Swelling and relaxational behavior of poly(2-hydroxyethyl methacrylate-co-methyl methacrylate) (P(HEMA-co-MMA)) polymers were observed by Davidson and Peppas [4] who determined polymer relaxation times by mechanical stress relaxation experiments and used them to calculate the diffusional Deborah number (De), a dimensionless parameter relating solvent uptake to macromolecular relaxation. Korsmeyer et al. [9] investigated significant dimensional changes during swelling, monitored these swelling fronts using polarized light, and studied the effect of polymer composition on drug release. They were also able to estimate diffusion coefficients through pulsed gradient spin echo nuclear magnetic resonance (PGSE-NMR) spectroscopy.

Franson and Peppas [13] observed the swelling front motion using polarized light to view stressed regions in P(HEMA-co-MMA) and related gels when exposed to water. They noted the importance of gel history on the swelling behavior. After a dry sample was swollen to equilibrium, some macromolecular chains could be disentangled to yield a different structure and different swelling kinetics upon subsequent swelling processes. They also correlated the diffusional exponent, n, of Eq. (1) to polymer composition. They introduced the swelling interface number, Sw, as an important dimensionless parameter to characterize water transport in comparison to solute release. They showed that Sw values correlated with the order of release, n, in an inverse logarithmic fashion. Finally, Ritger and Peppas [15] studied various sample geometries, and determined appropriate values of n for spherical, cylindrical and planar devices. In addition, they used the aspect ratio to determined the appropriate exponent for a system varying from 0.5 for slab geometries to 0.43 for cylinders, to 0.45 for spheres.

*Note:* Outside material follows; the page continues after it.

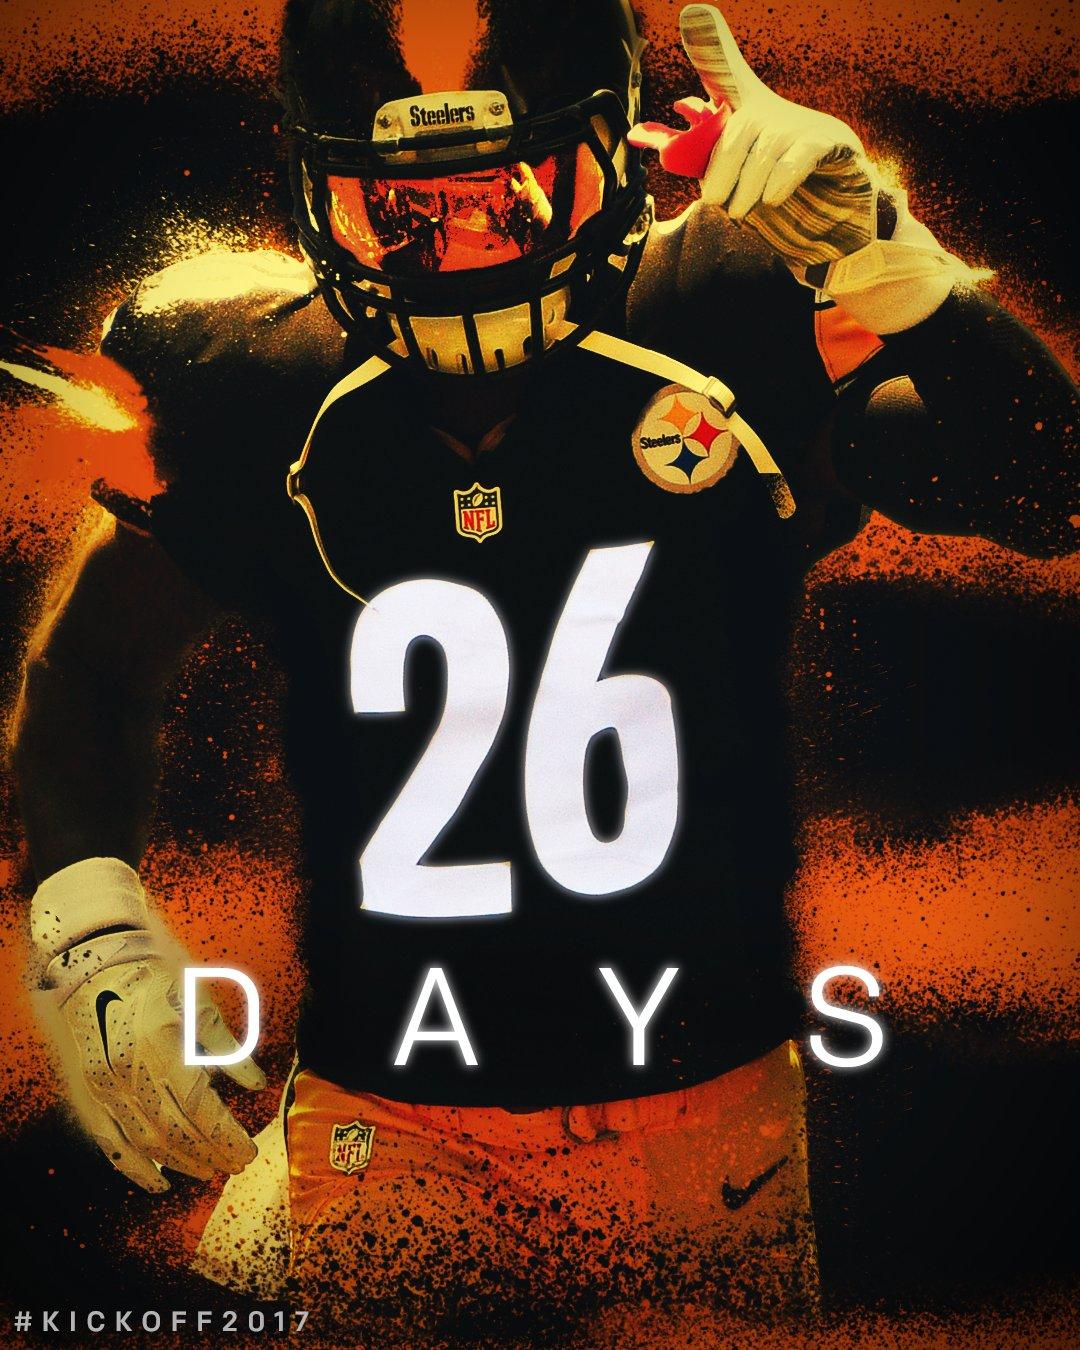 In 26 days...  ������ returns! #Kickoff2017 https://t.co/TATSM0nWGX

Despite the extensive pharmaceutically-relevant literature that shows unequivocally that anomalous and Case-II transport of water has been observed in many systems, it is disheartening to read the disorientation applied by certain researchers in the pharmaceutical field [24] who claim that relaxation has never been observed in water/polymer systems! The present work is one more proof of the failure of such sweeping statements in the pharmaceutical literature.